Behind The Counter: Knowle Golf Club. In association with TaylorMade Golf

    Golf Retailing Editor Dan Owen caught up with Mark Sanders, Head Professional at Knowle Golf Club, to find out how the 2020 roller-coaster has been for him and his shop.

    “I’ve gone full circle,” explained Mark Sanders, Head Professional at Knowle GC. Located
    just outside of Bristol, it’s a traditional parkland layout founded back in 1905.

    “I started out as a junior member here, and when I was a kid, Gordan Brand Sr was the professional. He was great to be around and helped massively with my game. Through him I played a lot with his son Gordan Brand Jr and Paul McGinley who he coached. I was the English Amateur Champion back in 1998.

    “I had stints on the Challenge and European Tour, before getting into coaching in 2007. From 2008 to 2017 I was based at a club nearby, Stockwood Vale, with my final year taking over the store. And then I took over as head professional back at Knowle in 2018. It’s been nice to be back; it’s always felt like home.”

    Like everyone else in the golf industry, scratch that, everyone in 2020, this year has had its challenges. “To keep my sanity through lockdown I worked on the course with the greenkeepers. And I quickly learnt which reps were more helpful than others, and which companies are more supportive.

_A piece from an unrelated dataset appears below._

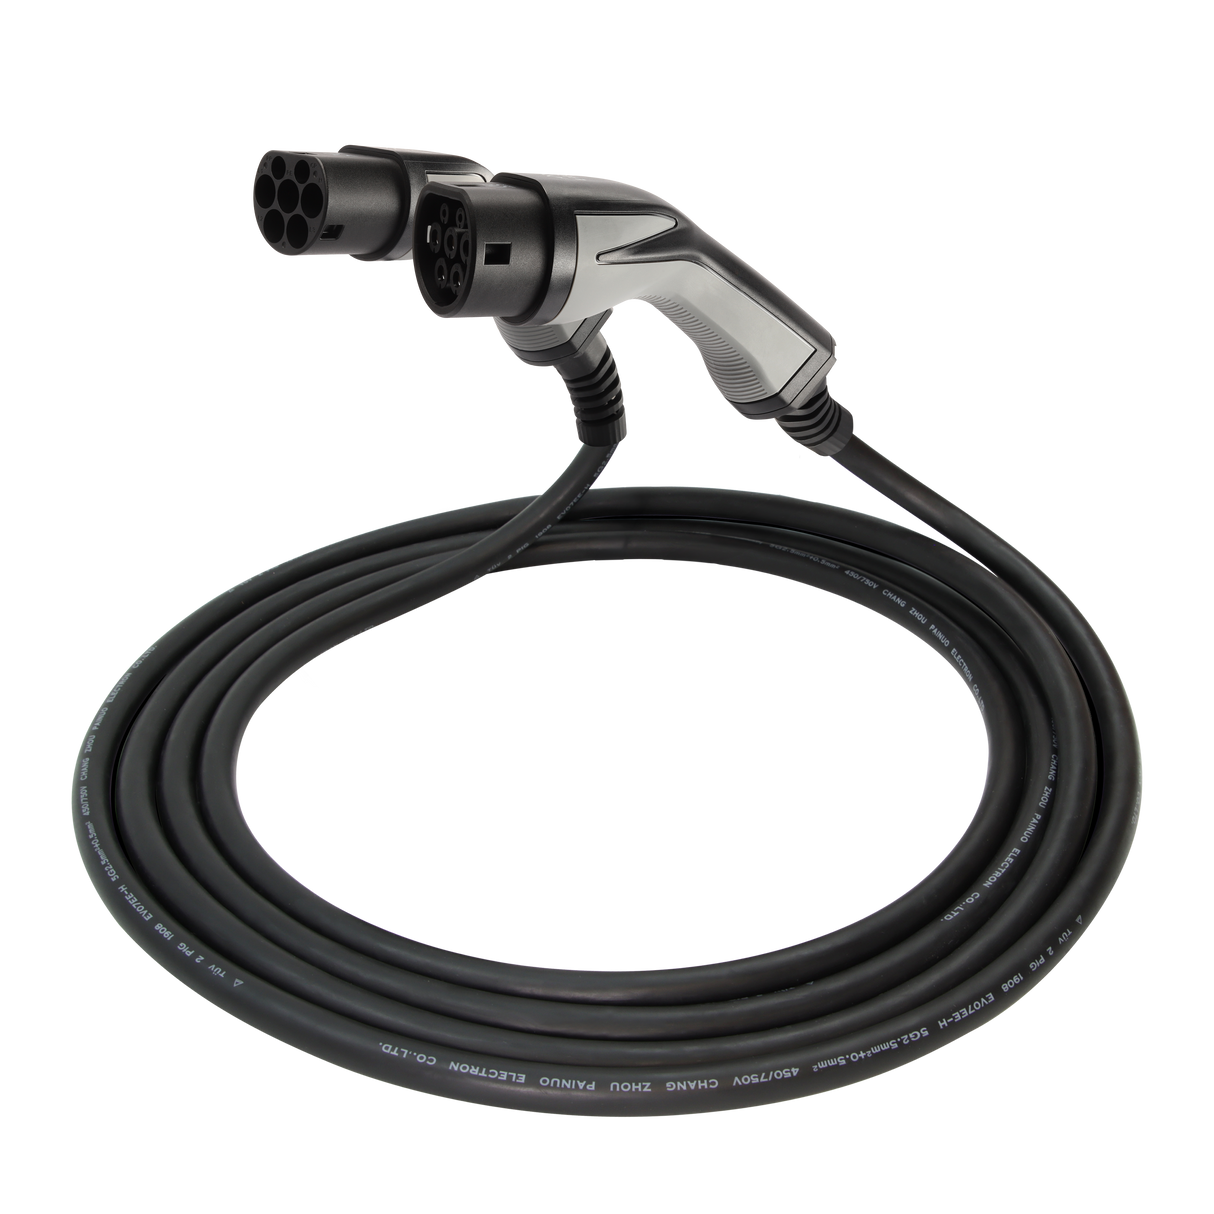 Charging cable Bentley Bentayga - Erock Pro Type 2 - 16A 3 phase (11 kW)

    “There is a private Foremost Facebook group which has been really insightful, you can find out how fellow pros have got on with different brands. It’s a useful tool, and I’ve found it helps me make more informed decisions.

    Mark took it one step further setting up a WhatsApp group for his fellow local Foremost members. “It’s called All Fore One, and One Fore All’! It’s been really useful throughout lockdown. Asking what their clubs were doing to work through the issues we were all dealing with. Any information that we could share to help one another we did.

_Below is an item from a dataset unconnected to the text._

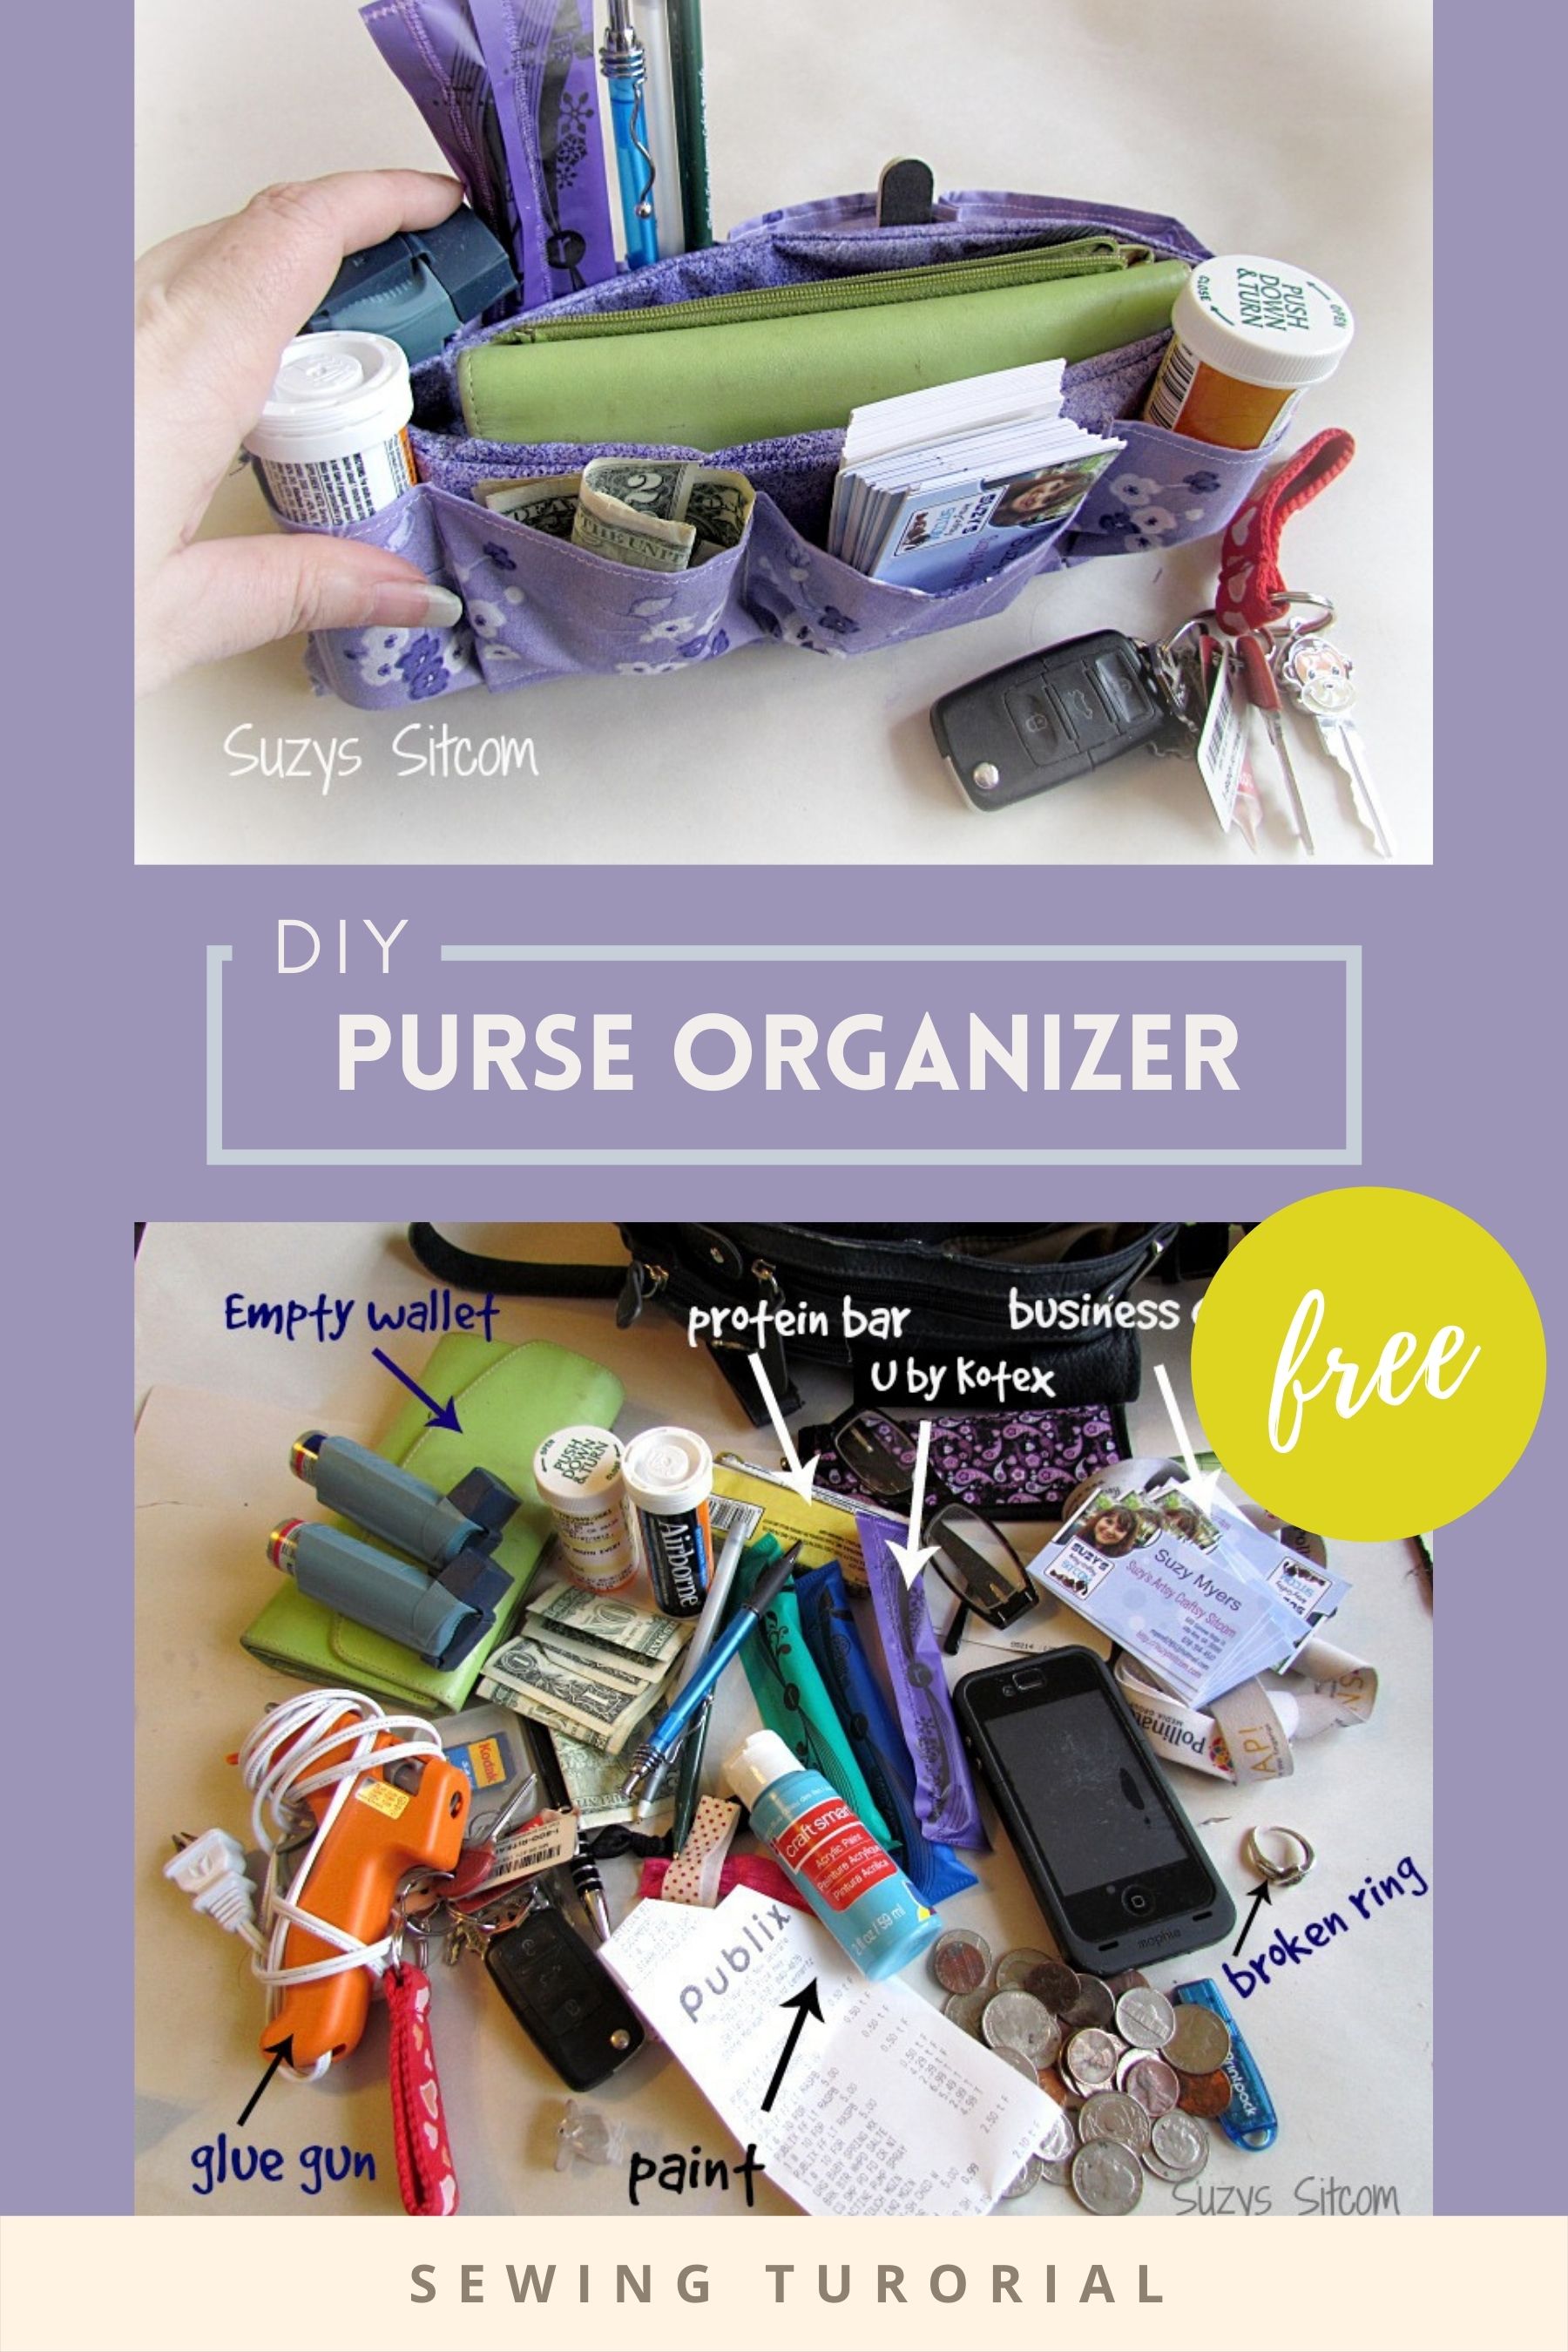 DIY Purse Organizer FREE sewing tutorial

    “As we transitioned out of lockdown, it was great for finding stock. It’s been a tough year for the manufacturers, and many have found that they are short of stock due to cutting their orders back in March. In their defence, nobody knew how this year would turn out. Demand is definitely outstripping supply as golf has gone nuts over the summer! I recently got quoted February for a driver a customer had ordered. I managed to find one within the group and kept a happy customer. “Will Fox, my TaylorMade Sales Rep has been fantastic, as has Simon Smart at Mizuno. They’re always available. They’ll always get back to you even if it’s late in the day. They keep you informed, good news or bad, and will go the extra mile to find the item at another retailer whenever possible. The good reps are thoughtful and thorough. Some reps come in, take the order, and then you won’t see them for another year.

    “Reps are still visiting in person, all complying with wearing masks. I take their temperatures when they arrive. They present from PDFs, rather than showing product, to stop retailer after retailer touching their samples and potentially passing on any infections. They really are doing their best in what is a tough situation. But however good they are, the product has to sell and there needs to be a demand for it.”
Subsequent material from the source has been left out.